Might is the operative word, because property owners in Belleair Shore are loath to have others trespass on their beach over which they proudly assert ownership.
Background – Norfolk Dredging Company is replenishing sand on the beach and needs to move three bulldozers and an excavator from Belleair Beach’s strand south to Indian Rocks Beach.
John Hayes, one of Belleair Shore’s commissioners, approached the project manager of Norfolk, as he tells it, with a mind to discuss Norfolk’s needs.
Hayes, a genial and friendly fellow whose outward conviviality can hide a backbone of steel, was peremptorily told by the Norfolk representative to scram – “get off my property.”
Hayes reacted to this by informing Norfolk and county officials that no heavy equipment (and it is big stuff) was going to cross his property. Not good for Norfolk.
Then, in a letter dated two days before the meeting last week at which Hayes related this turn of events, Nicole Elko, who is the county’s coordinator for the beach replenishment, made a plea for a one-time agreement from the Town of Belleair Shore to allow the passage of the equipment along the beach.
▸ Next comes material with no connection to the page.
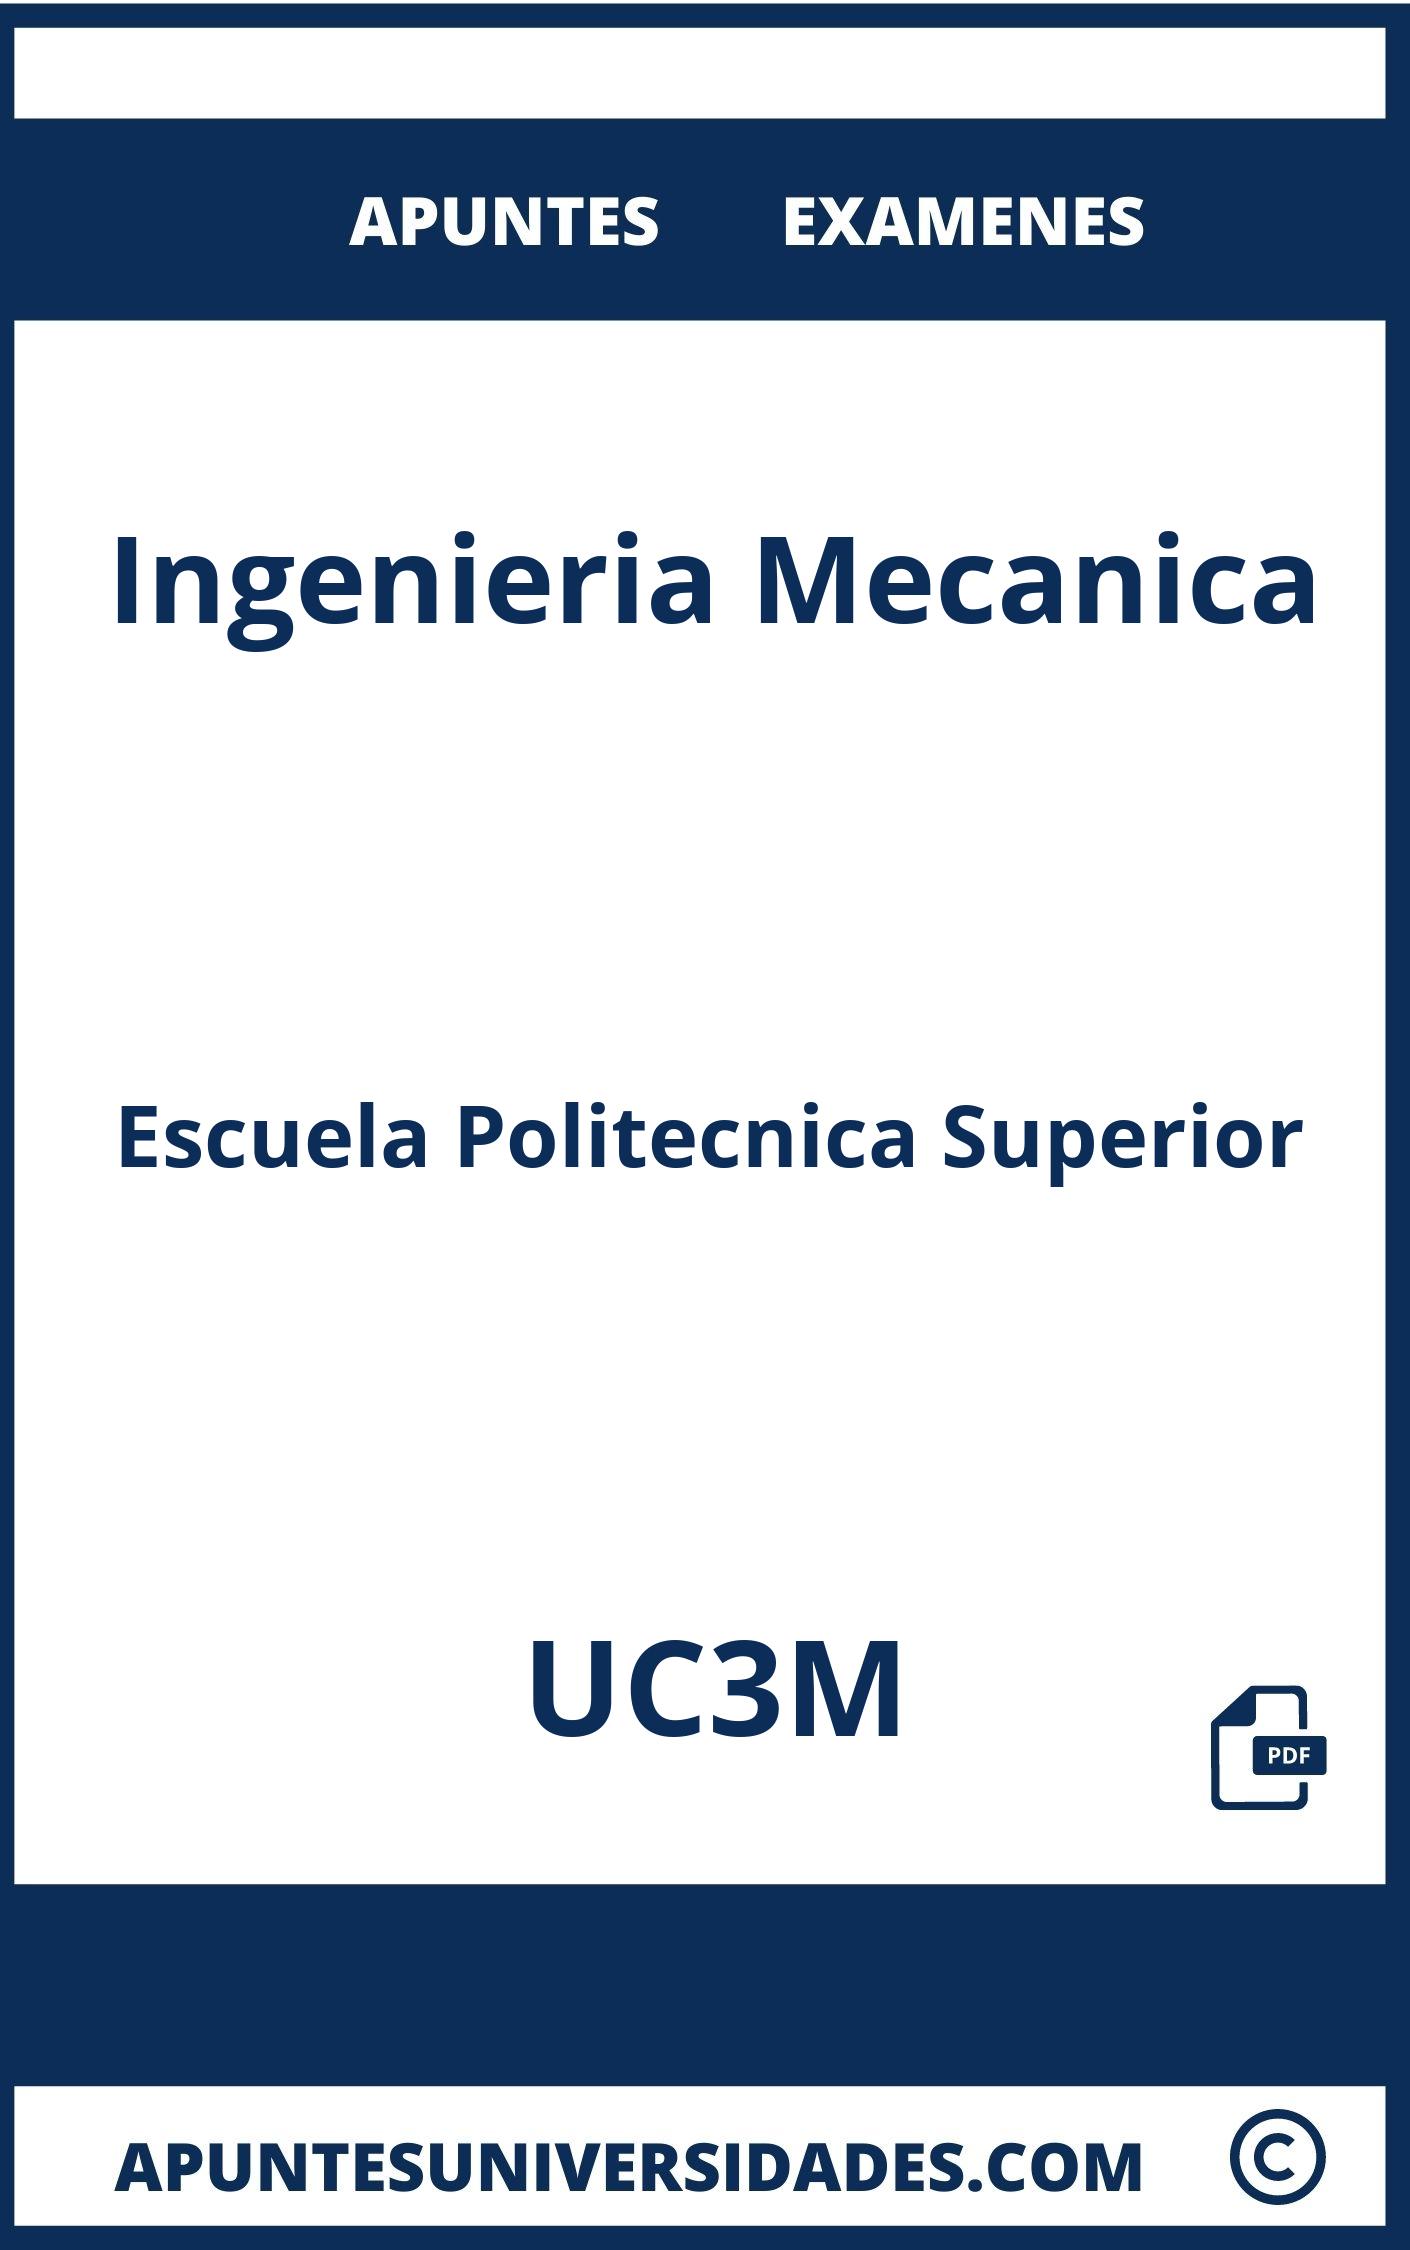 Apuntes Examenes Ingenieria Mecanica UC3M

Moving the stuff down Gulf Boulevard, all the way to the Indian Shores line, would cost triple, her letter said.
Because ownership of the beach attaches to individual property owners, the Town Commission could not give a blanket approval.
But it can give a green light to move the equipment along the line below the median high water mark. This would produce, at low tide, a path 40 to 50 feet wide of wet sand.
Discussing this last Wednesday night at their meeting, the commissioners speculated that moving heavy machinery along the beach on wet sand at low tide would run the risk of having the machinery get stuck.
It might make Belleair Shore look like Normandy about six months after D-Day.
“The wet sand is a hazard,” Commissioner Bob Schmidt said. The consensus was to turn down the county’s request.
But Hayes hailed Elko’s efforts. “She did nothing wrong and everything right,” he said.
In other action, the commission decided to regulate short term rentals and limit them to the rules outlined by the county law on residential family zoned areas.
That is, there is a 30-day minimum limit and any lease granter can only do that three times a year which would effectively, and economically, force rentals into at least four month rental times.
Schmidt and Carl Hilton, who were returned to the commission unopposed, were sworn in. Also being retained is Ray Piscitelli who was away.